Pensavo a mia madre, quando io ero piccola. Mia madre lavorava da prima di sposarsi. Sul lavoro, è sempre stata per tutti la signora B., identificata da sempre e per sempre col suo cognome da nubile.
Le scocciava terribilmente essere chiamata col cognome di mio padre, e però si è dovuta rassegnare quando ho cominciato ad andare a scuola. Ma anche lì, si è sempre firmata anche col suo cognome.
Questa idiosincrasia di mia madre è passata anche a me. Anche se mi piace tantissimo il cognome di mio marito e odio il mio, non mi presenterei mai come "la signora A.". Ho in sommo orrore la burocrazia anglosassone, per cui da sposata "perdi" il tuo cognome e ti viene appioppato quello di tuo marito.
Poi però vai all'università e vedi docenti di ruolo che si presentano col cognome del marito, quasi come se fosse un vanto o come essere se stesse non fosse abbastanza.

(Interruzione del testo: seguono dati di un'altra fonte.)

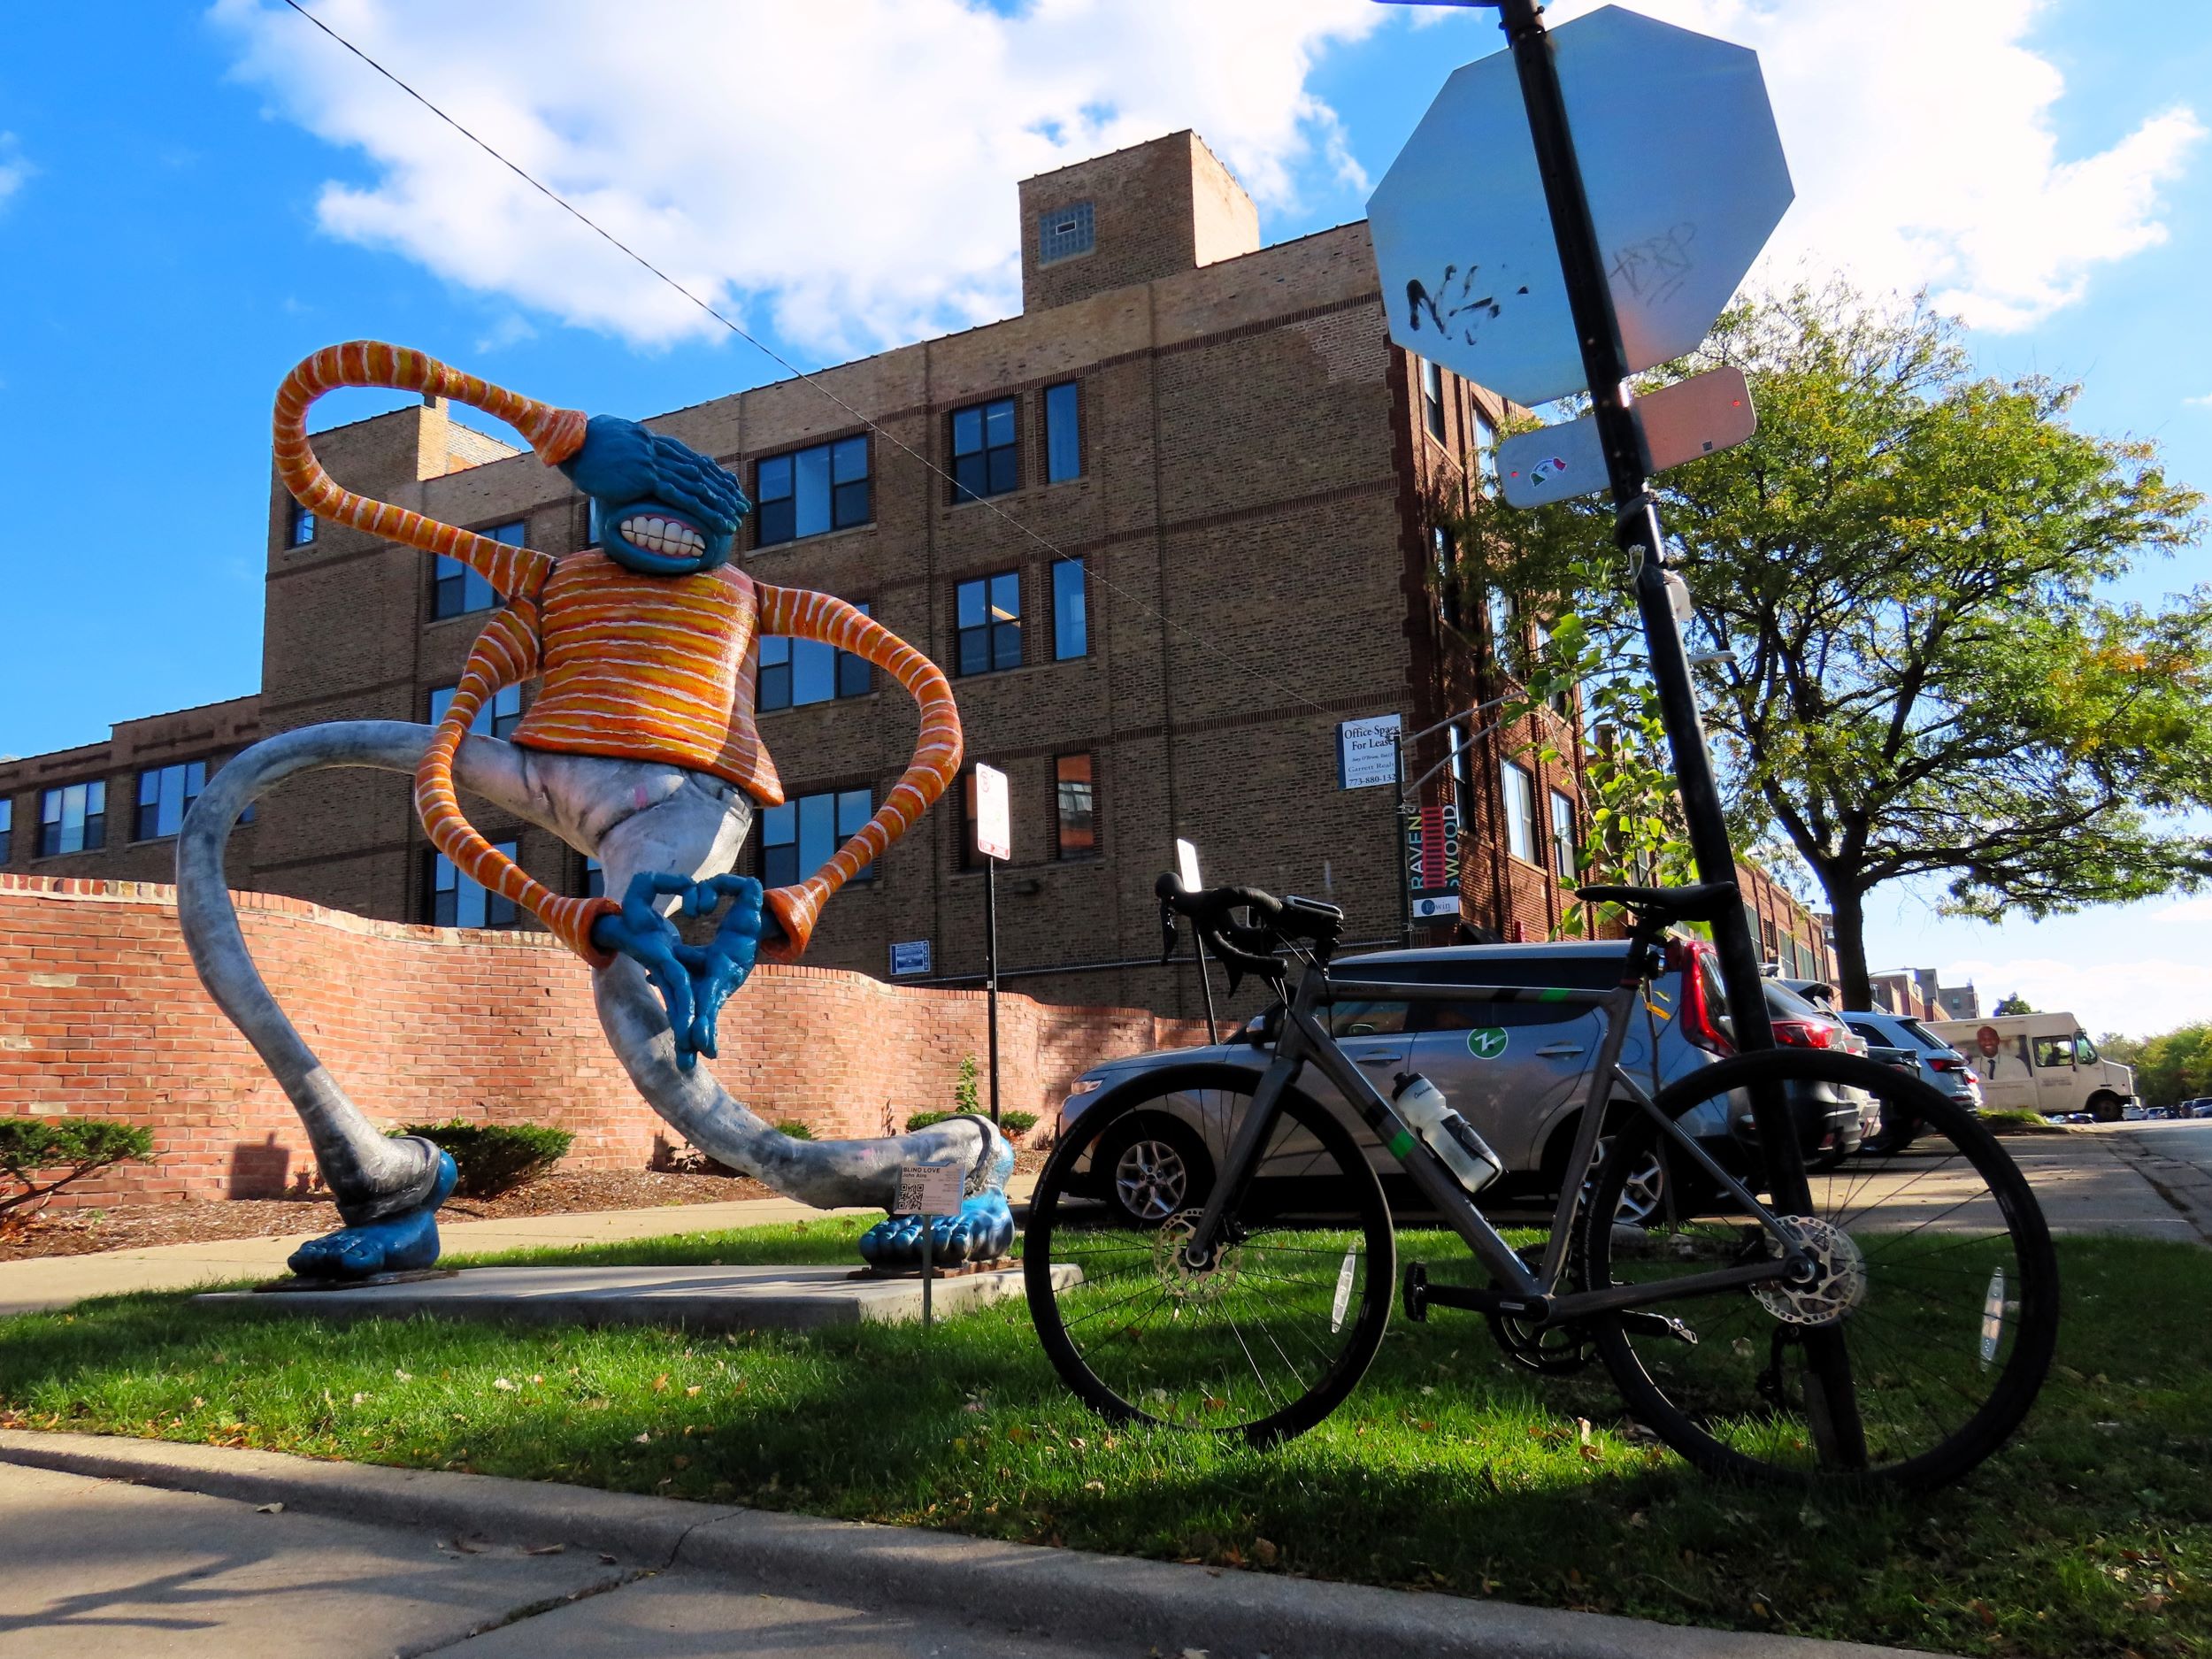 A tour bicycle standing to the side of a sculpture of a lanky blue man in a range sweater with three arms and one had covering his eyes.

Conosci persone che si presentano come "mogli di" prima ancora di dire il proprio nome (e ci sta, se sono in condizioni di conoscere tuo marito, ma magari dimmelo dopo il tuo nome). Ma trovi anche persone che non si mettono la vera perché, per colpa della retorica della "moglie di", gli pare di esibire un trofeo.
Io la vera la porto. È di oro bianco, anonima. Dentro c'è scritto il nome di Luca e la data del nostro matrimonio. A pensarci bene, avremmo potuto metterci la data del nostro anniversario "vero", ma chisse. Non è un trofeo, è una coperta di Linus. Non serve a ricordare agli altri che sono sposata, serve a ricordarlo a me. Mi ricorda che non sono sola, nel bene e nel male. Mi ricorda che ho scelto di amare e di essere amata, con tutti i vincoli e i comfort.
La mia vera non dice cosa sono: dice chi sono. Chi ho deciso di essere.